ABERMAN: So, give me an example of what you’re getting at.

KARMEL: Yeah. So, as you bring in a new information system, you have to, let’s say, make a change, update a module of this information system. To ensure that that information system is compliant with PCI, with payment card industry, or HIPAA, you have to ensure that there’s a certain set of controls that are employed for that new module.

Those policies and procedures have to be updated, and the certification and accreditation package needs to be updated to ensure that the paper that you’ve created for the auditors to validate that your system is compliant, is correct, and adheres to what that information system actually is doing. Now, here’s the big problem. Information systems change over time, compliance paperwork doesn’t keep up at all with the actual information system. Therein lies the rub. What we need is a new model to rethink how we employ security.

ABERMAN: So, in effect, what you’re advocating for are technology solutions that ultimately create the compliance trail, but ultimately have almost open APIs, open systems, so that whatever system you’re using, you get to the same output?

KARMEL: To a degree, not so much. It’s moreso the fact that today, we implement our systems, then we create the certification and accreditation requirements around those systems, and then we attest that those systems are indeed compliant against the certification accreditation package that we’ve created. The problem with that current model is, our systems change, the C&A packages, the certification accreditation packages, don’t keep up with the changes in the system. If there’s a compromise in that system, it brings in auditors, and you end up in this morass that you just can’t get out of.

ABERMAN: So in effect, what I’m hearing is that, I’m a CEO, I’m overwhelmed. Current cybersecurity technologies, in various ways, will tell me they’re solving the problem, ultimately they’re going to create their own compliance pathway. It sounds like a complete mess.

And maybe that’s why I hear from so many CEOs: I know there are thousands of solutions out there. How do I pick which one, and how do I show that they actually work? This sounds to me like a really complicated problem. I’m gonna get a headache just thinking about it. Is it really too much for people to keep up with?

KARMEL: It really is. And therein lies the rub. It has come to a point where it is too much to keep up with. So, we need to do two things. One: we need to create a set of win-win incentives in the industry to accelerate progress. So, all sides see the benefit, and we build partnerships instead of battlegrounds, where we make security the reason to modernize systems and move to cloud based systems, as opposed to the impediment.

Now, the way we do that is, we talked about before, we first implement systems, then we accredit them, and then we assess them. In the vein of rethinking security, We should certify systems, then implement, and then assess those systems, something we can think of as continuous contextual assurance.

ABERMAN: So, how do we certify something we haven’t deployed yet, though?

KARMEL: So, that model is defining what those security controls are first, implementing those security controls in the information system, and then assessing the efficacy of those controls to ensure your compliance package is up to date, and that you’re meeting not just the audit trail that’s required and the certification and accreditation components that are required to make sure your system is modern, but now when these new modules come to bear, you’re not trying to figure out, how do I ensure that my system is compliant? Because you started with the certification process.

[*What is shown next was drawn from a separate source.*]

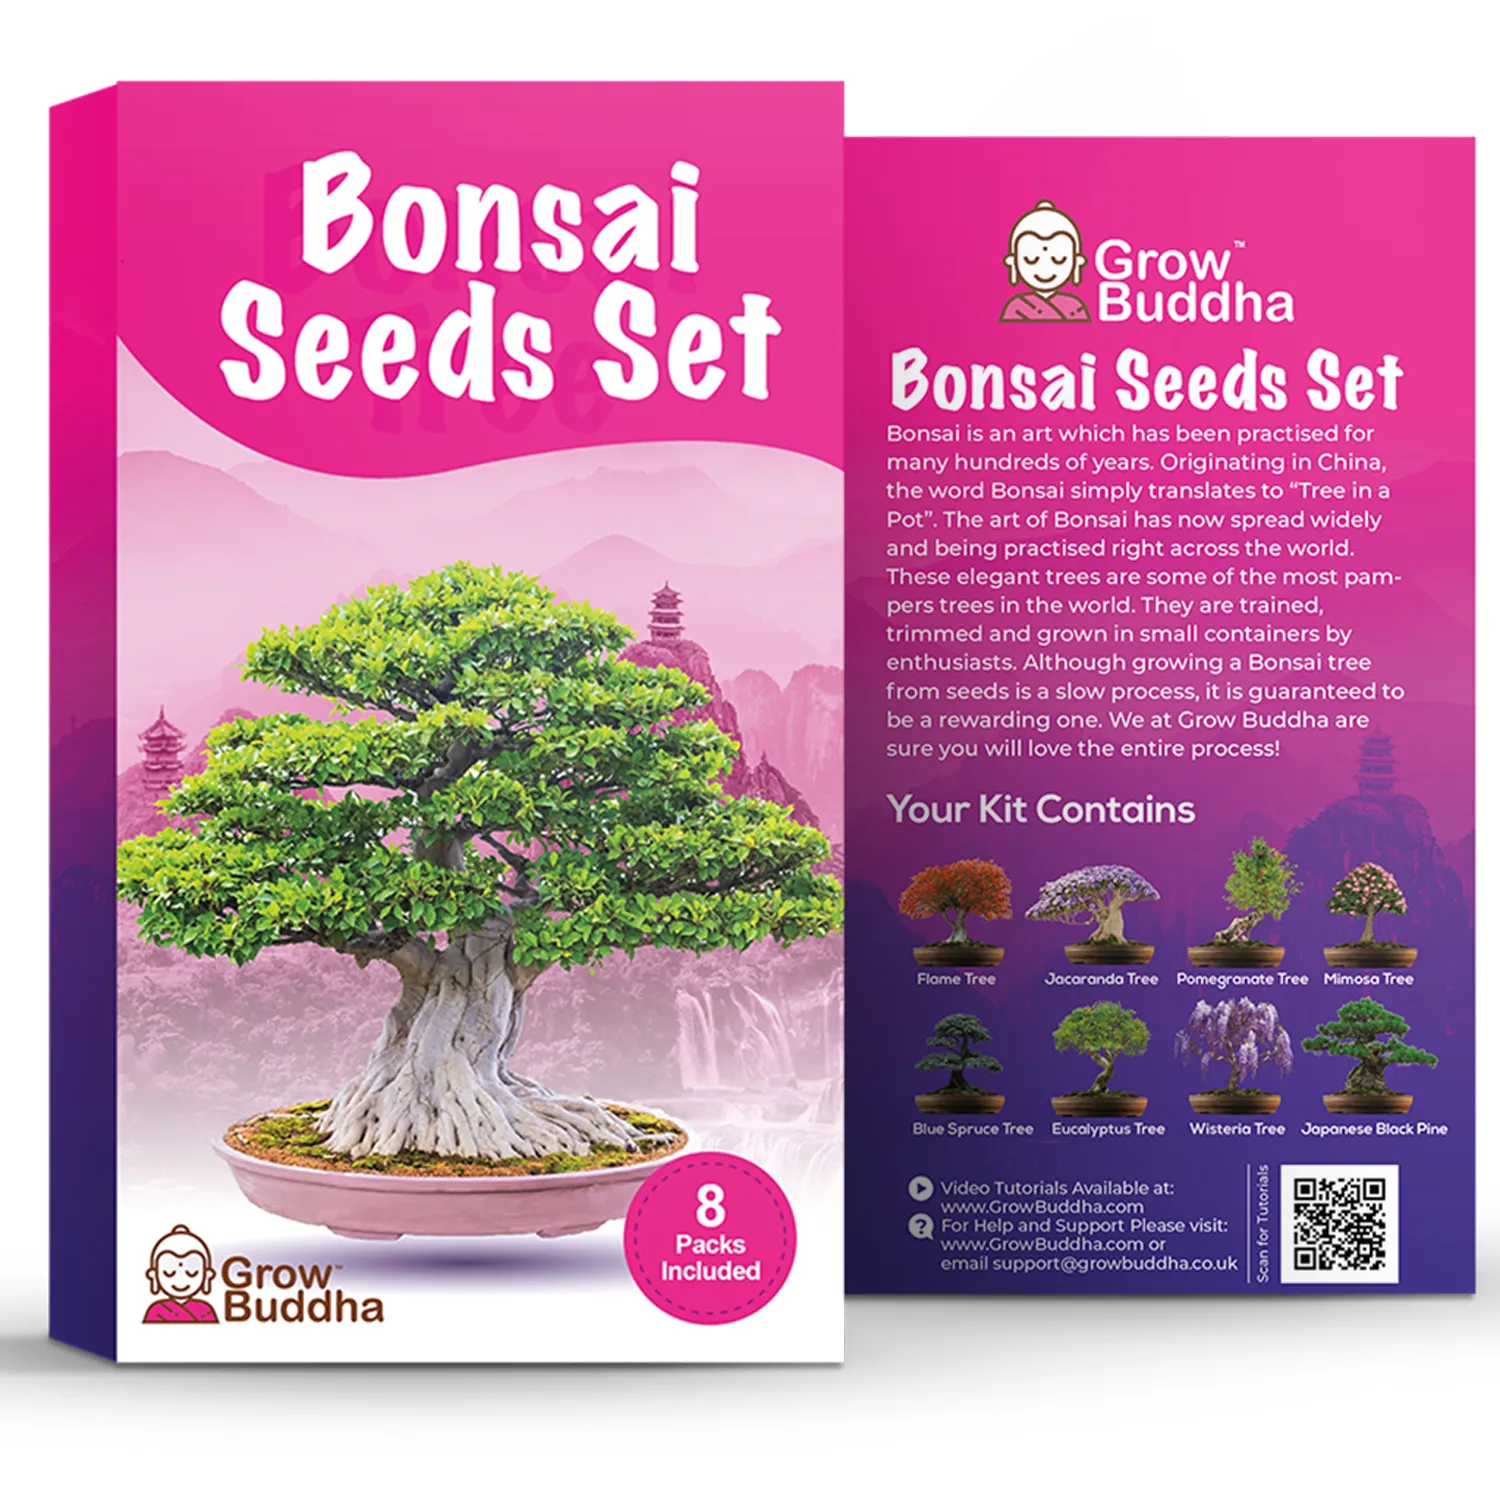 Bonsai Samen-Set, Kit aus 8 verschiedenen Bonsa-Bäumen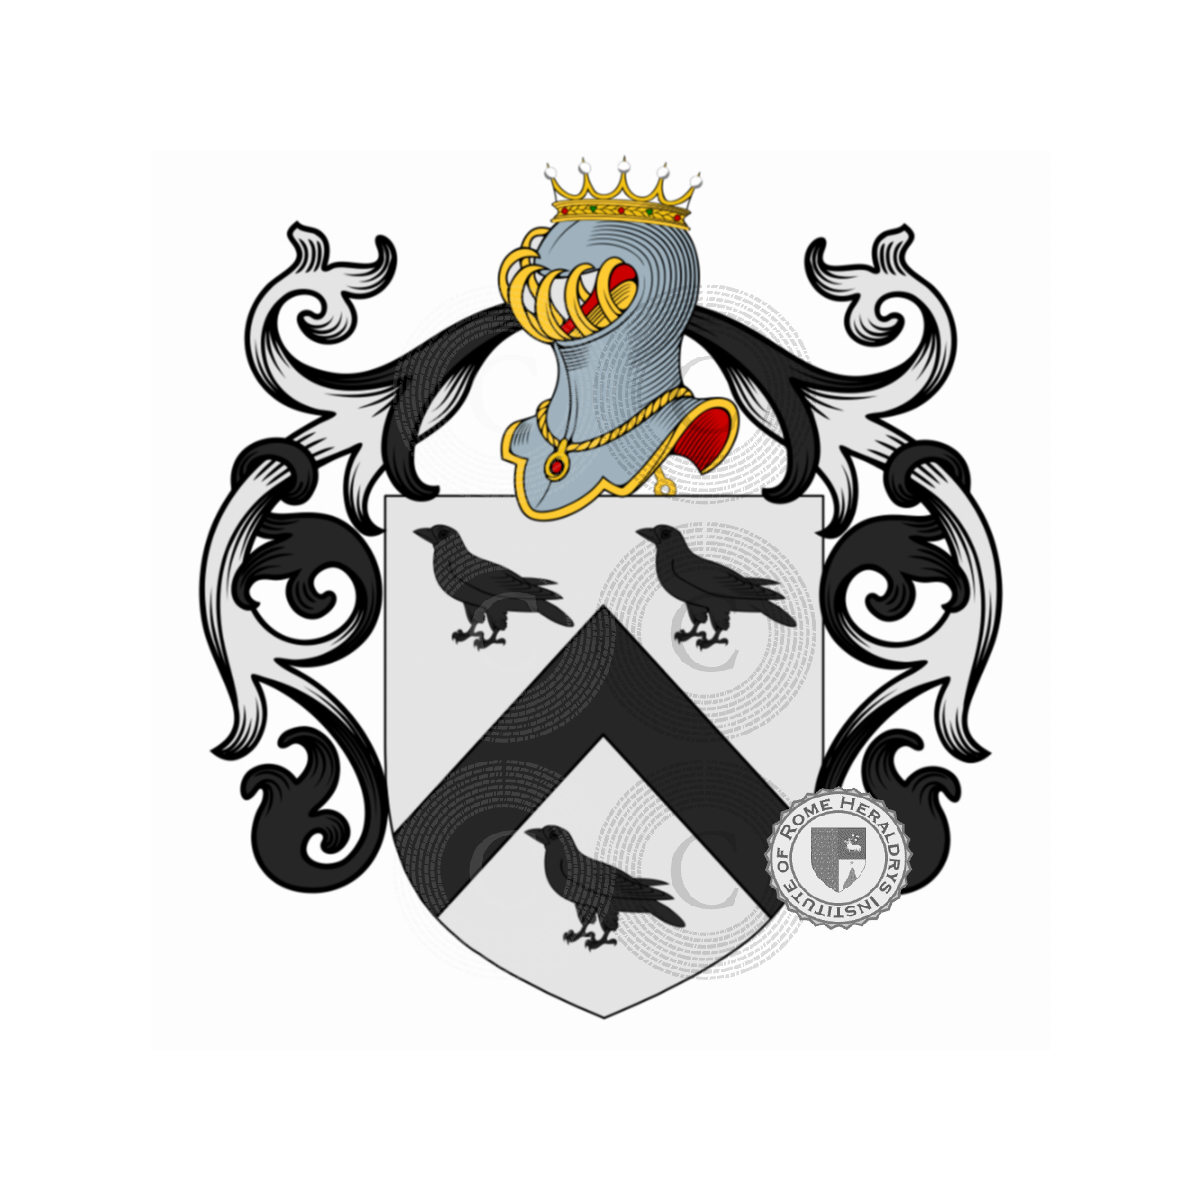 Wappen der Familiede Floyd de Tréguibé, Floyd de Tréguibé,Floyd de Treguibi,Fludd

ABERMAN: In other words, I make the software work for me, instead of me working for the software?

KARMEL: That’s exactly right.

ABERMAN: Well, Anil, I think that’s a really interesting paradigm, and I’m sure a lot of CEOs will be really interested in hearing how you at C2 Labs and another others in town are going to demystify a problem that we all have to solve. And God knows their liabilities will be down. So, thanks for joining us today.

KARMEL: Thanks so much for having me.

ABERMAN: That was Anil Karmel, CEO of C2 Labs.